= Ainyinase =

Town in western Ghana

Aiyinase (Nzema Aiyinase) is a town in the Ellembele District in the Western Region of Ghana. It lies 90 kilometers of Sekondi – Takoradi, the port and capital city of Western Region. In 2015, the community had a population of 10,719.

== Economy ==
Aiyinase is an area well known for their coconut, cassava and rubber plantations. Basically, the main occupation of the people in the locality are farmers.

== Culture and history ==
Aiyinase (Enyenra bo) literally means "Under the Silk Tree" in Nzema language. The people in Aiyinase are believed to have migrated from the southern part of Ghana. The people celebrate Kundum Festival which is carried out in the month of October each year.

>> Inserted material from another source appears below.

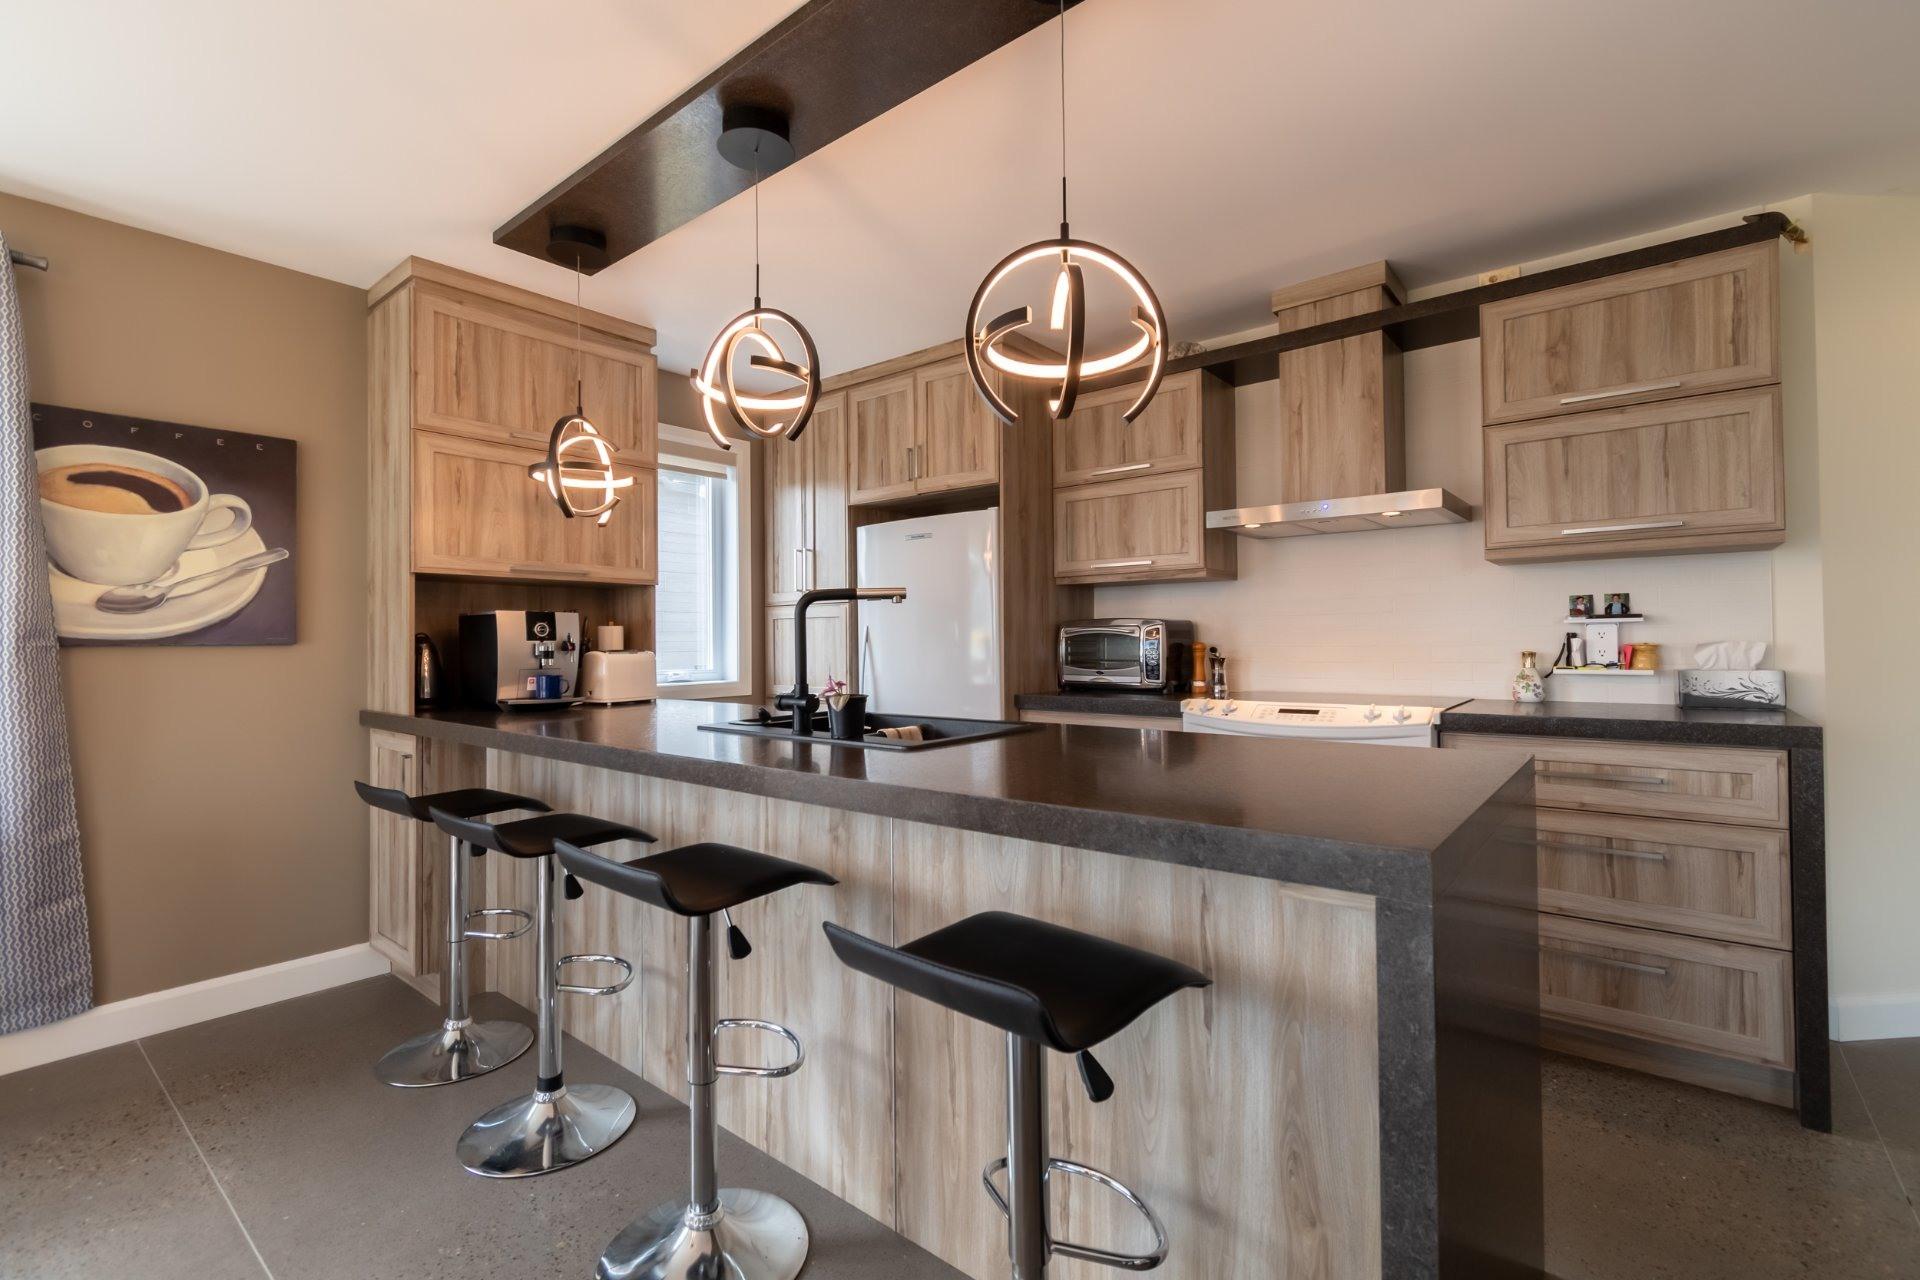 image 1 - Maison À vendre Trois-Rivières - 8 pièces

The festival is used as a medium to thank their ancestors for the abundance of food at the time of harvest.

== Sports ==
Aiyinase is the home base of the Ghanaian professional club Karela United FC, which qualified for the BetPawa Premier League after competing in 2019 Normalisation Cup. The people of the town have special passion for football. During match days, they give a firm support to their home club at the Awuah Memorial Park.

== Projects ==
Adamus Resources Limited, in collaboration with the College of Beauty, Arts, and Entrepreneurship, has introduced an initiative known as "Women Empowerment (WE)" in the Ellembelle District of the Western Region. This project aims to support 100 women residing in Anwia, Teleku Bokazo, Kikam, Asanda, Nkroful, Salman, Akanzo, and Akropong by providing them with valuable skills for self-sufficiency.